### Exercise objective
Where a picture appears in the data below, exclude it; restate everything else word for word.

### Information provided
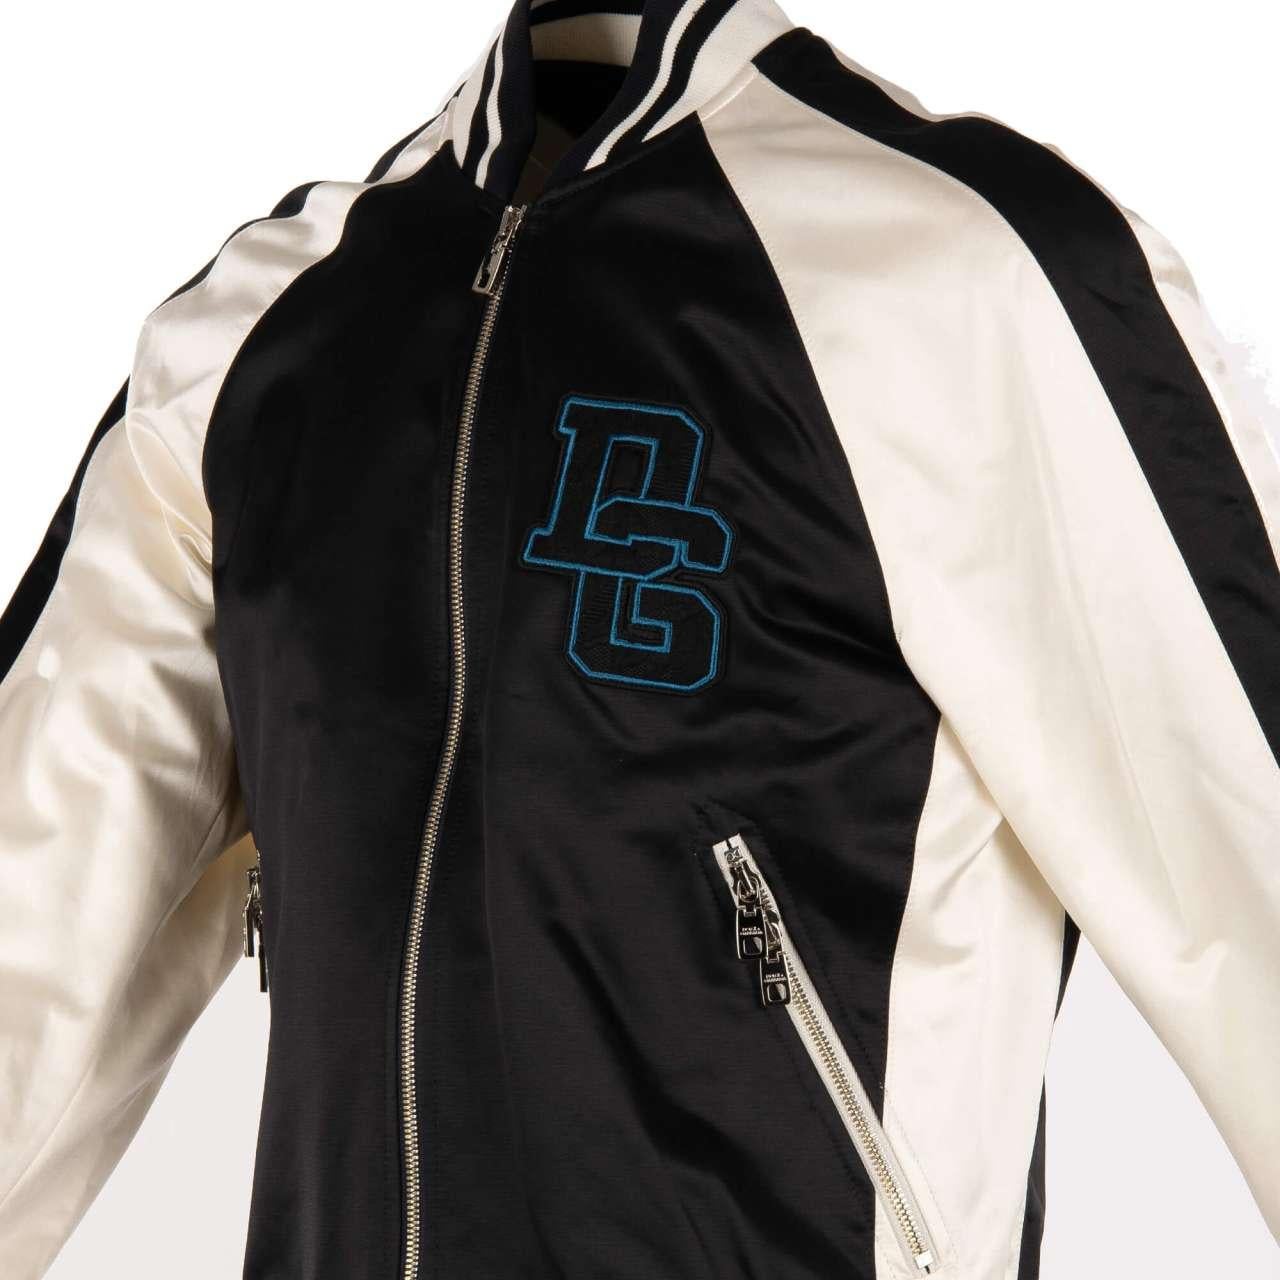 Dolce & Gabbana - Varsity Jacket with DG Logo and Zips Black White 46 In Excellent Condition For Sale In Erkrath, DE
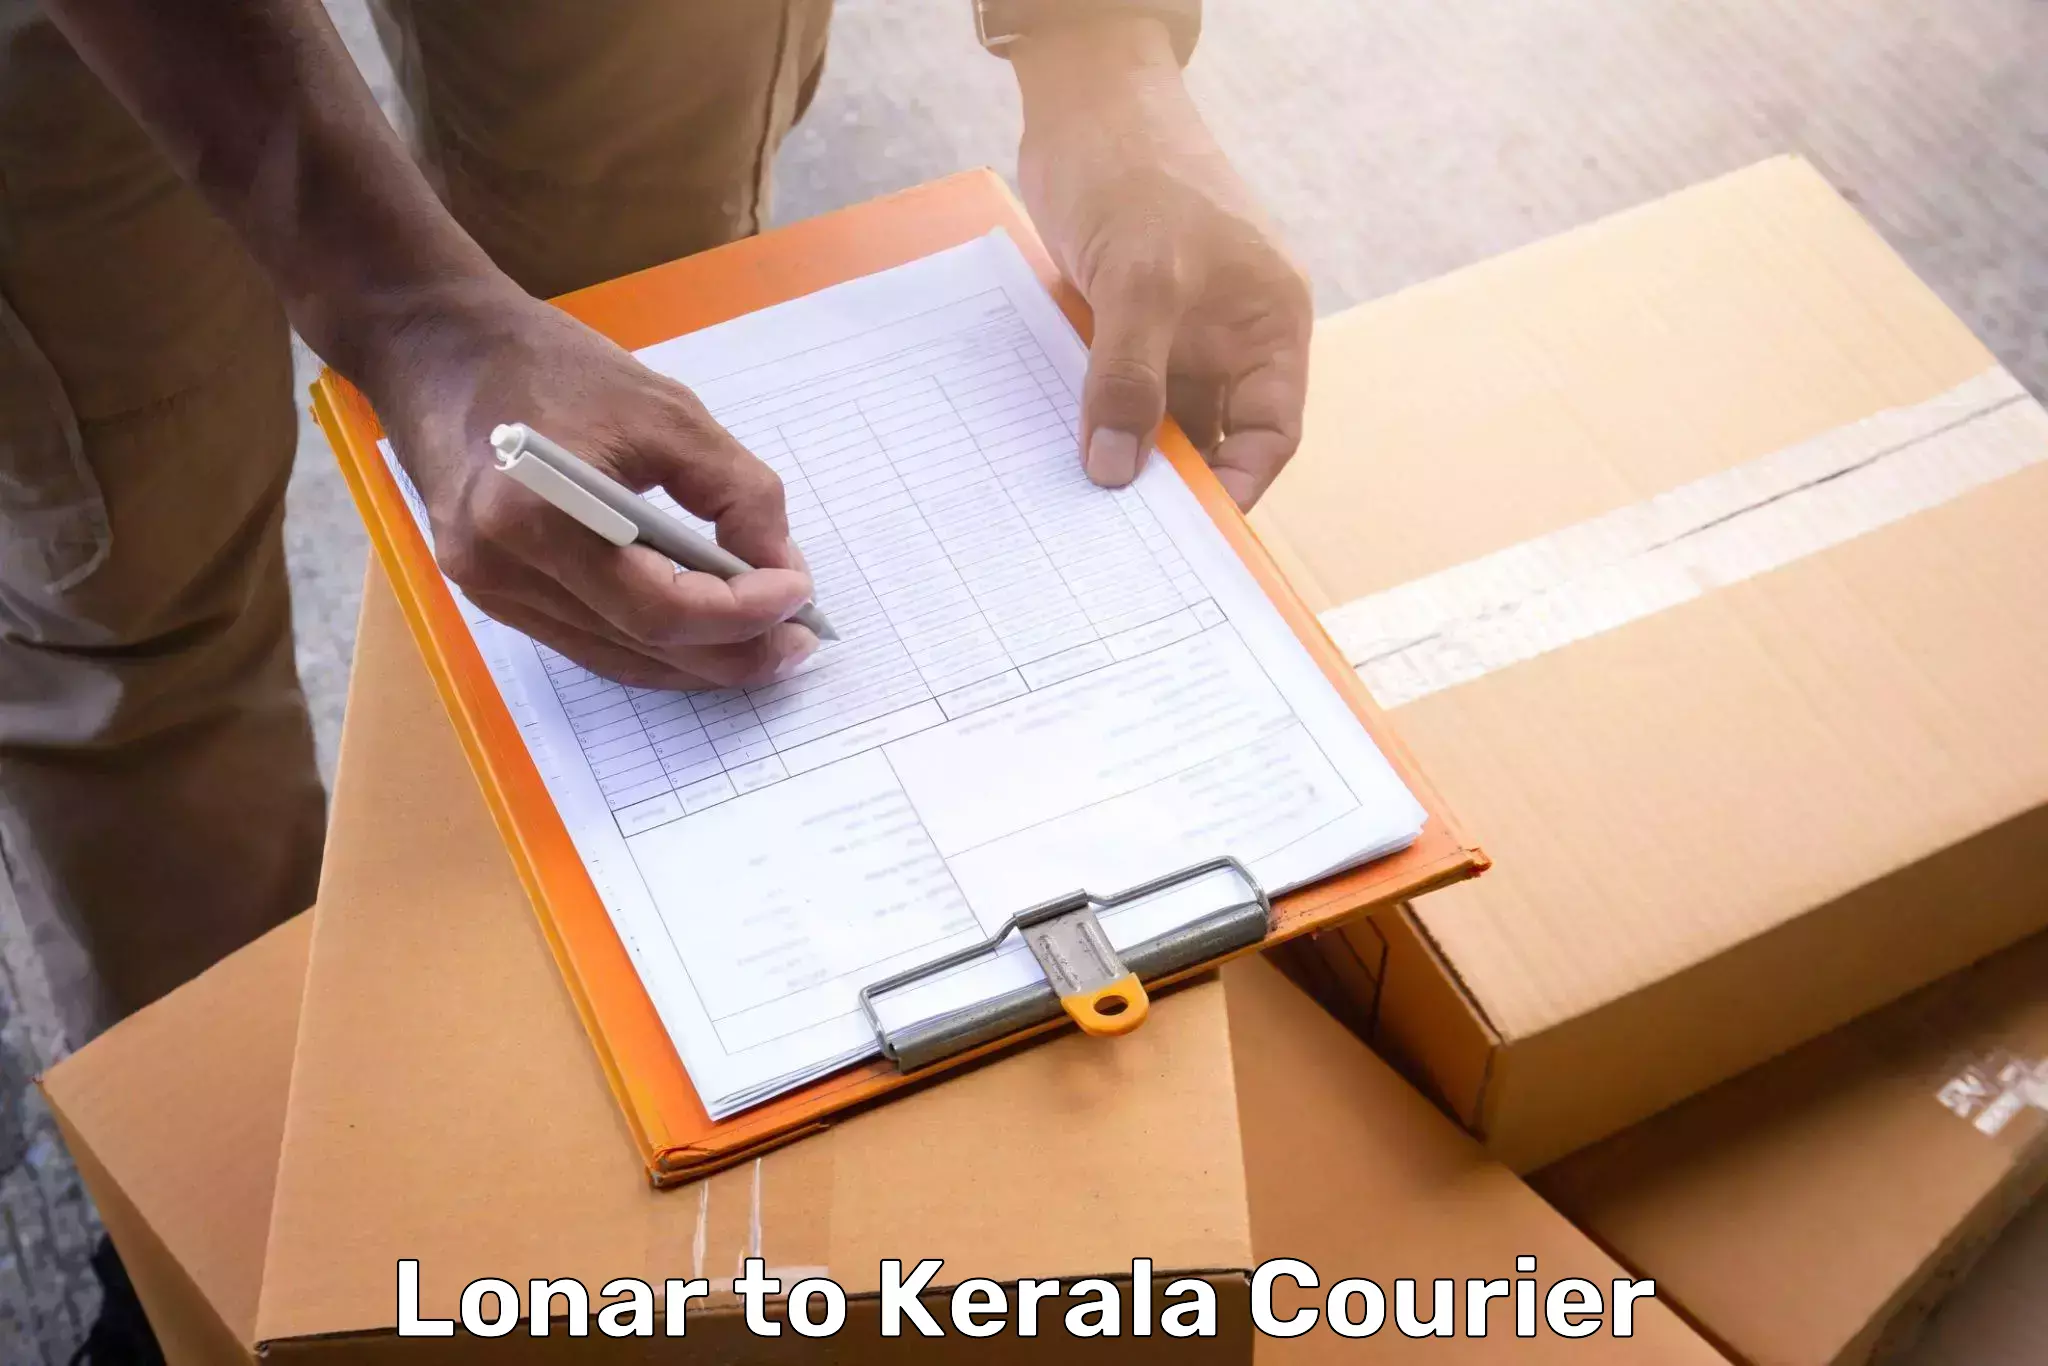 Instant baggage transport quote Lonar to Payyanur
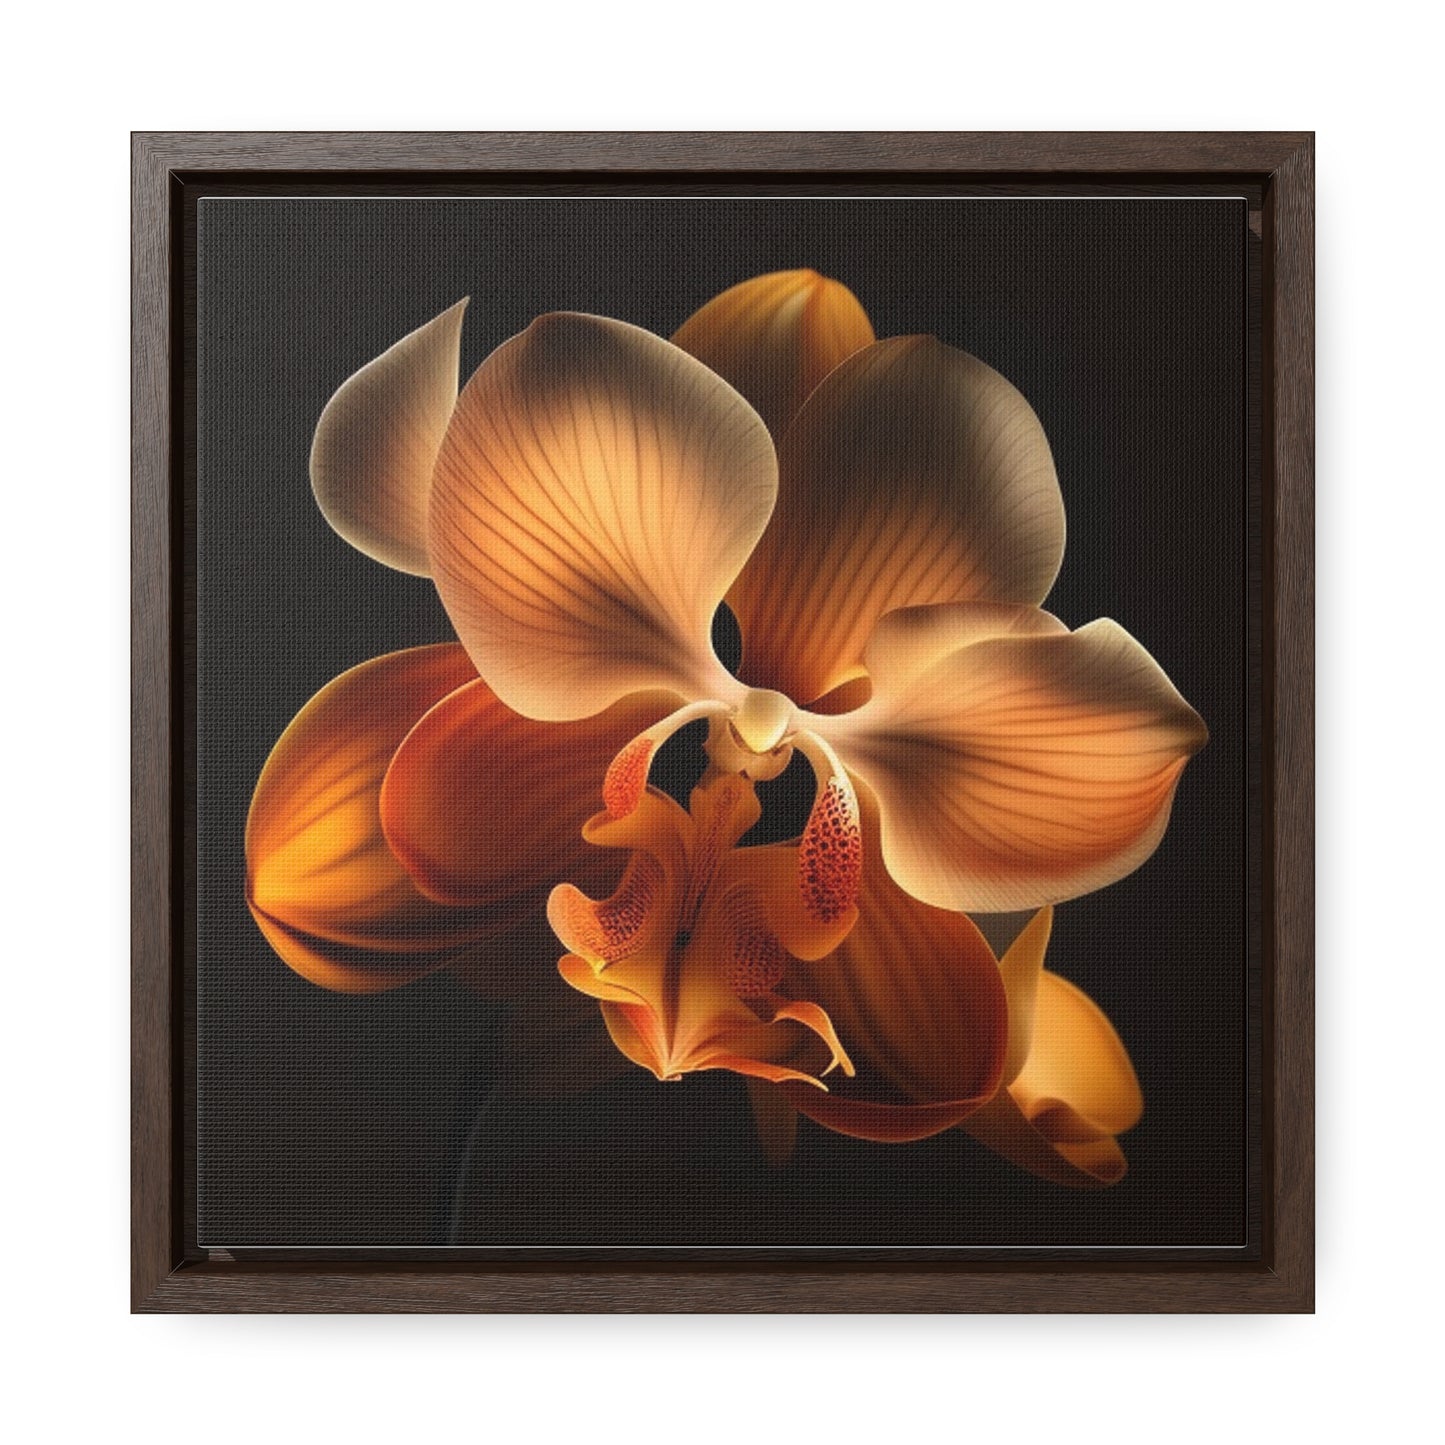 Gallery Canvas Wraps, Square Frame Orange Orchid 2

### Answer
 Dolce & Gabbana - Varsity Jacket with DG Logo and Zips Black White 46 In Excellent Condition For Sale In Erkrath, DE
 Instant baggage transport quote Lonar to Payyanur
 Gallery Canvas Wraps, Square Frame Orange Orchid 2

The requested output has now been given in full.